Fun Home by Alison Bechdel

Title: Fun Home: A Family Tragicomic
Author:  Alison Bechdel
Release date:  June 7, 2006
Publisher:  Mariner Books
Pages:  232
Genre:  Graphic Memoir
Source:  Library

Fun Home is Alison Bechdel’s autobiography told in graphic novel form.  The book primarily revolves around Bechdel’s father, a closeted gay man who eventually committed suicide when Bechdel was in college.  She also talks a lot about her own experiences of coming out as a lesbian to her parents, and a little about her first real relationship.  She added snippets from her actual journal she kept as a child, to show what was important to her at the time that some of this stuff was going on.  The book can best be described as a summary of the tragedies and comedies that made up her life growing up.

I liked Fun Home. Bechdel did not have the easiest childhood, but the way she tells her story made me laugh many times over.  She was able to take her truth and turn it into something entertaining that really showcased her own personality, and how she developed as a person through her family issues.

One thing that stood out to me about this book was Bechdel’s illustrations.  She was able to capture so many moments with her drawings, and I loved peering into her world through the pictures she provided.
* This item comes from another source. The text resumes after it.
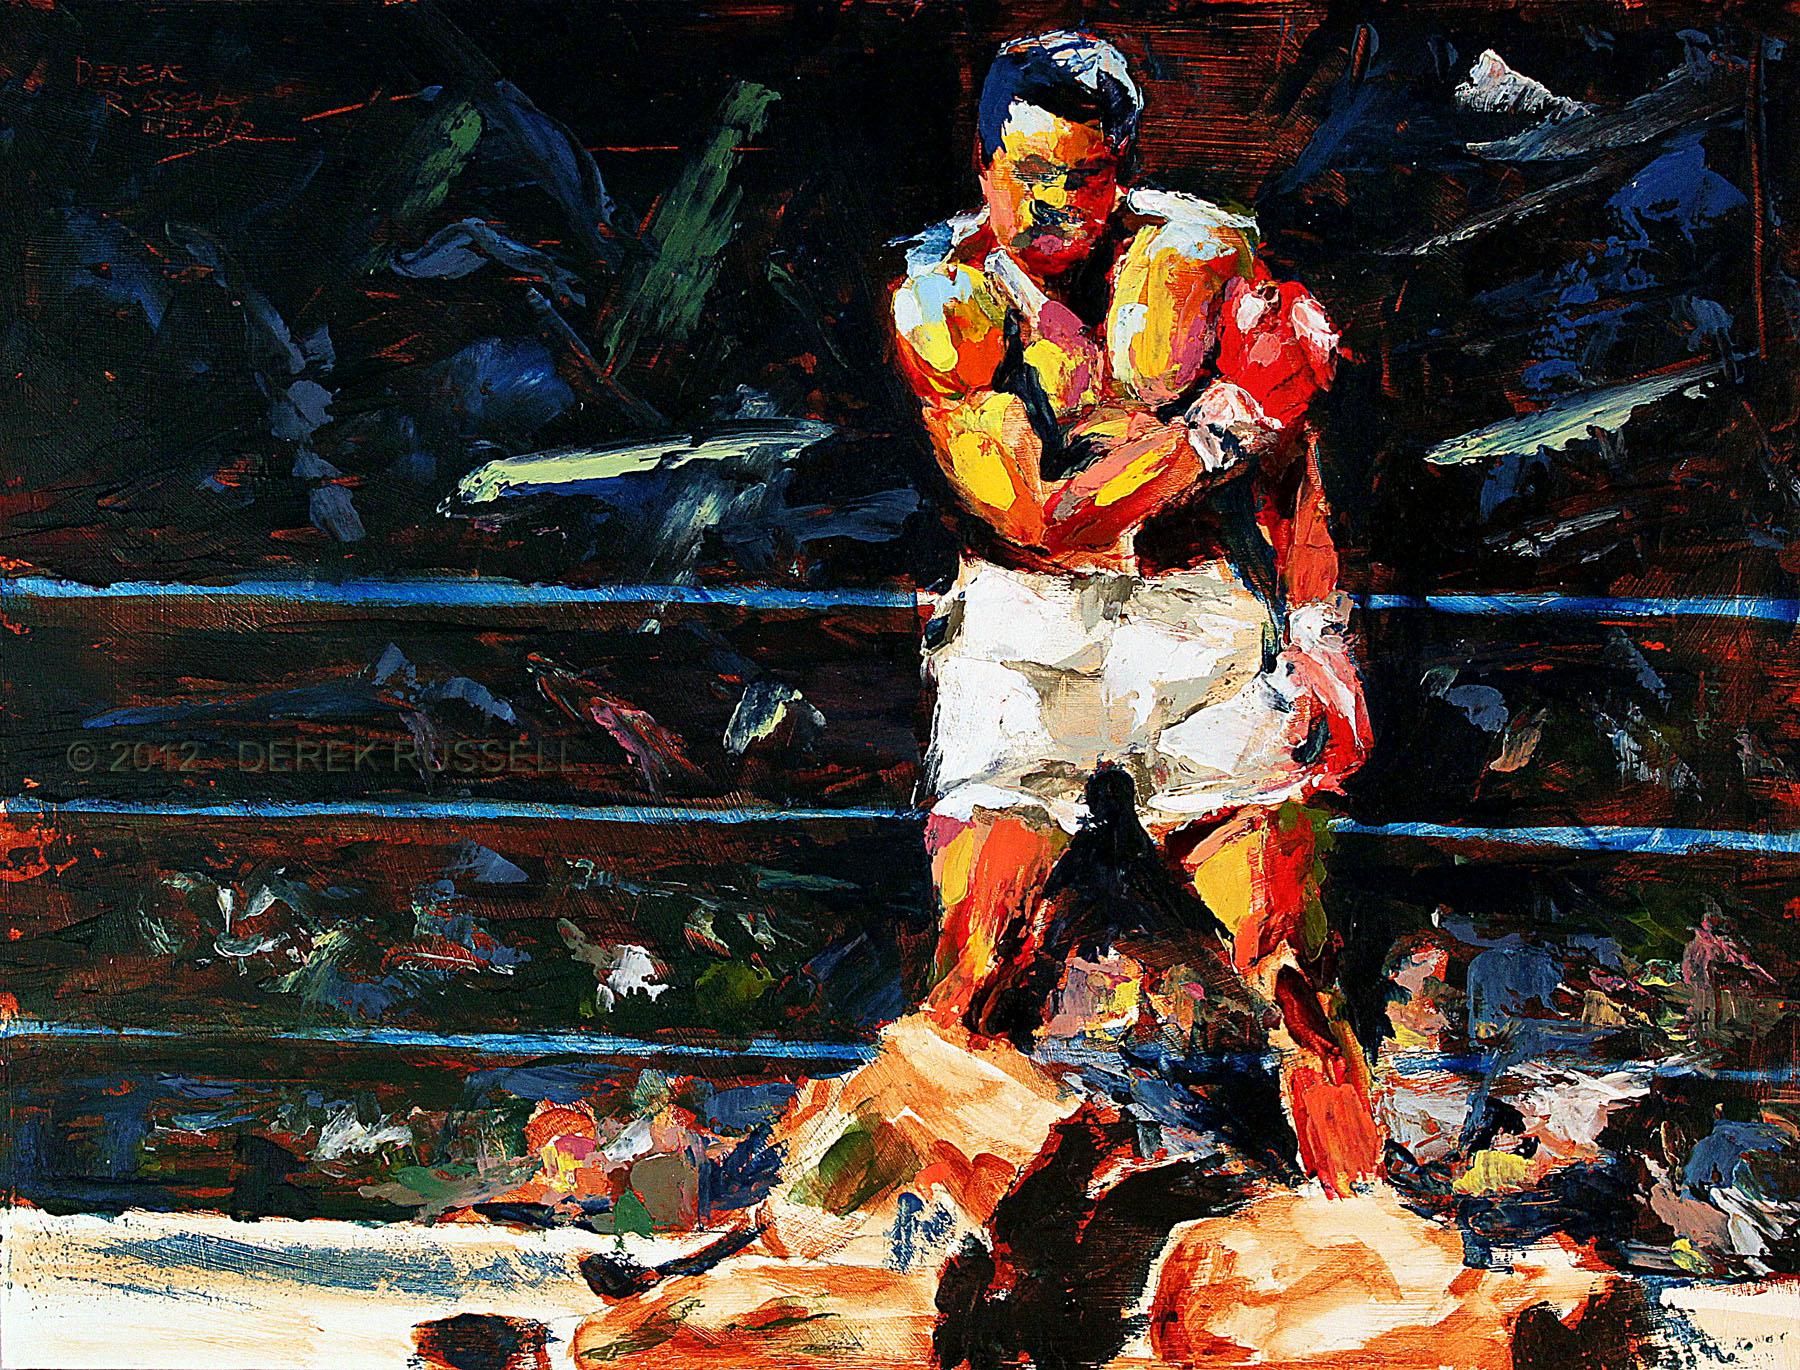 Muhammad Ali Original Fine Art Oil Painting by Celebrity & Corporate Artist Derek Russell
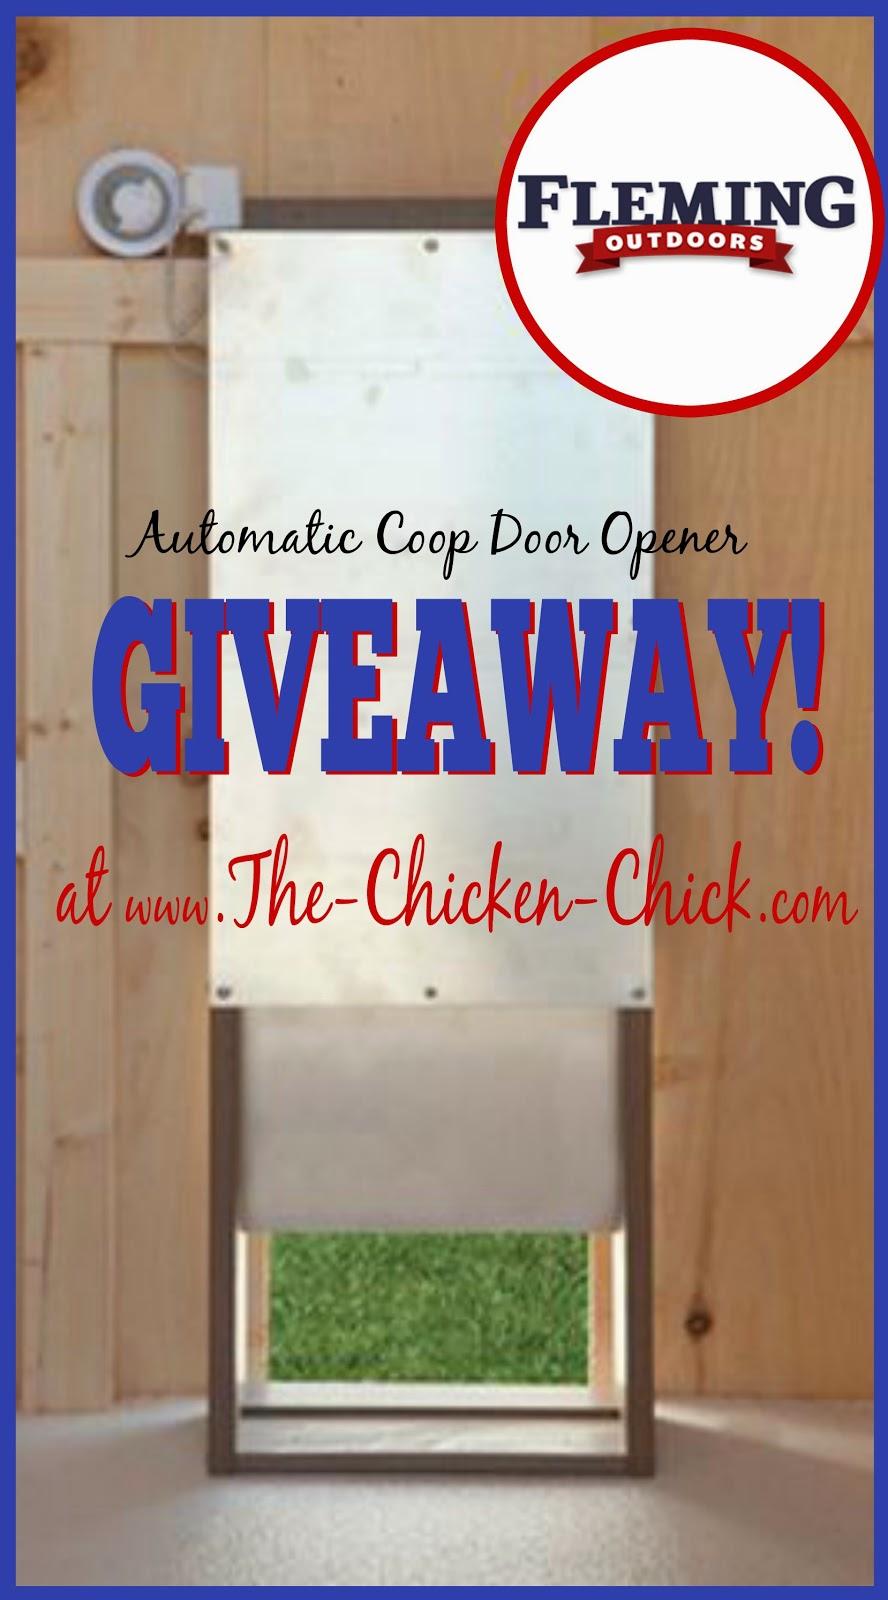 Giveaway of an Automatic Chicken Coop Door Opener, courtesy of Fleming

While I enjoyed reading Fun Home, I wouldn’t say it is one of my favorite graphic books.  I was interested in Bechdel’s story, but there was no spark that hit me personally.  It was a good book, and I would recommend it, but I think I was expecting something a little different/better.  I do think Fun Home would be a nice graphic book for someone who hasn’t experienced the genre yet.  It is a family story with a bit of a twist – and Bechdel tells her story with total wit and charm.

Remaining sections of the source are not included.